Looking in particular at the fifth column (index 4, “Voyage itinerary imputed principal place of slave purchase”), we notice it contains several NaNs. NaN stands for “Not a Number”, it is a value that appears when something goes wrong in one of the processes ran by our program. If something went wrong, why did not our program stop or told us something about an occuring problem? Because problems may happen more often than you think and if our program stops working everytime it encounters a situation it cannot handle, it would most probably never finish running!

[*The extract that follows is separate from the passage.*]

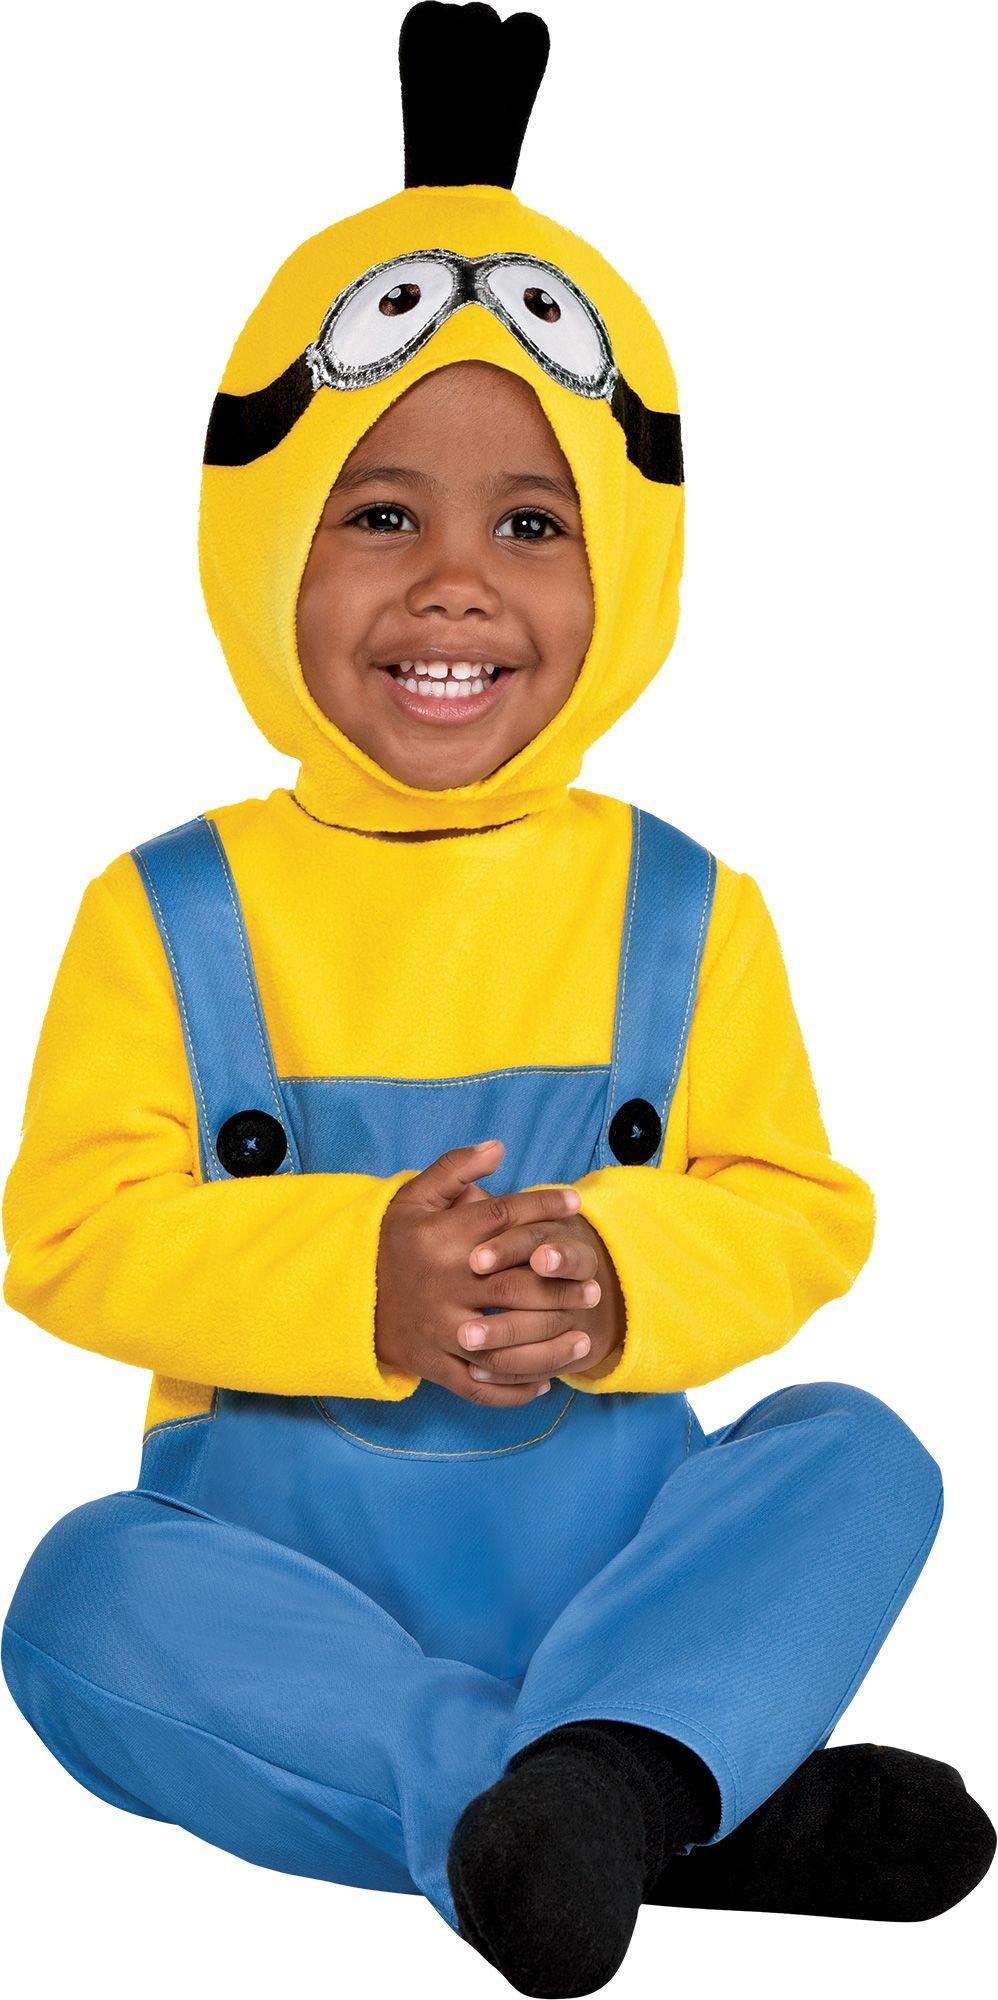  Party City Minion Halloween Costume for Women, Minions
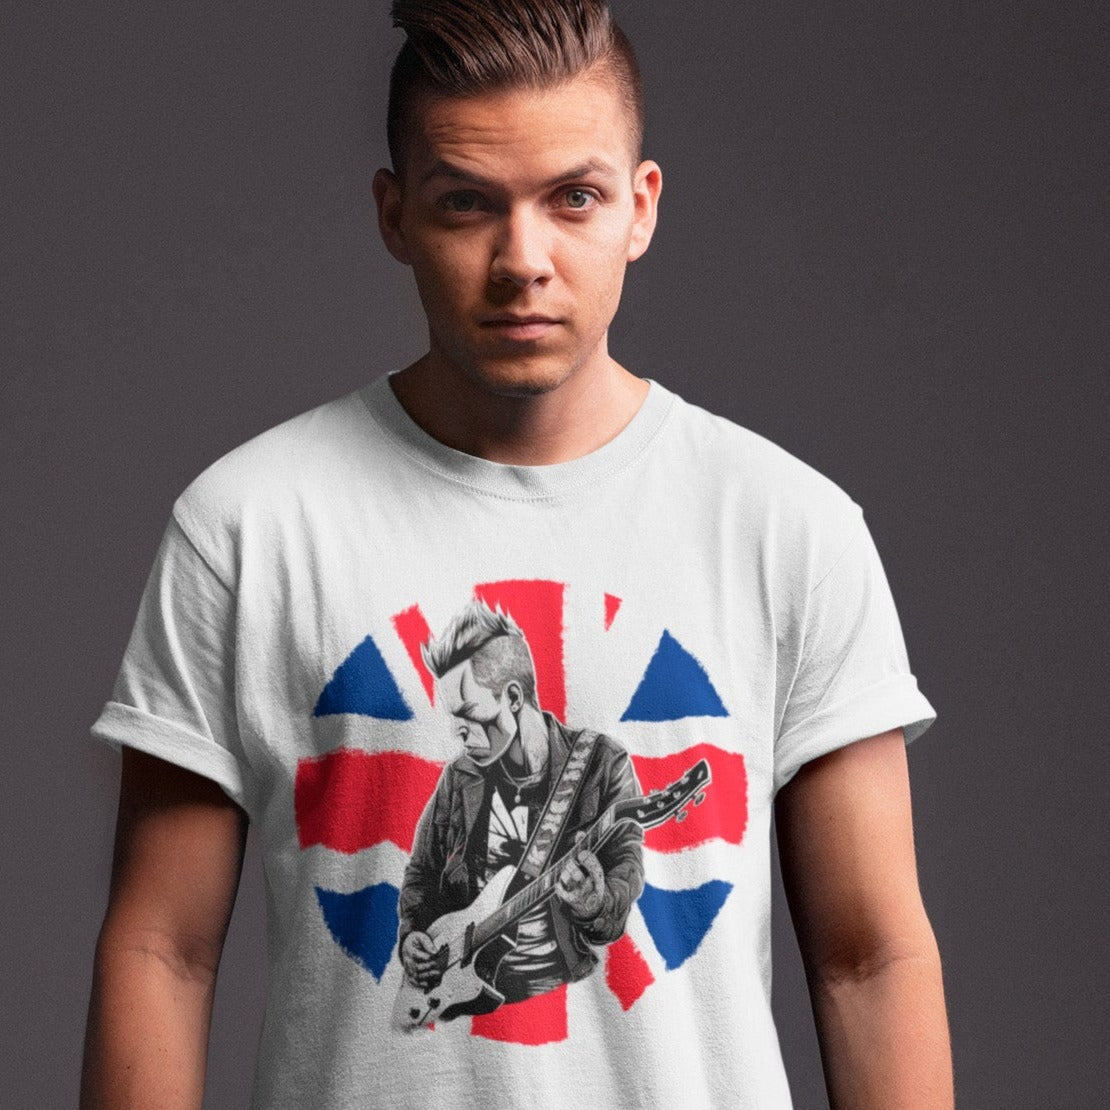 union-jack-black-punk-t-shirt--mockup-of-a-young-man-with-a-trendy-haircut

In this case, most probably the record does not exist so the data set cell has been filled by NaN, either in our original .csv file or by the pandas
method .read_csv()
. NaN are not necesseraly something bad, as they can be easily identified and eventually corrected (or simply ignored). Incorrect or missing data may be much harder to spot and correct.
In any case, the presence of NaNs or any other missing value can severely affect our data analysis, for this reason before starting analysing the data we need to find and get rid of those values. This process is usually called “data cleaning” and that is exactly what we are going to do in the next chapter.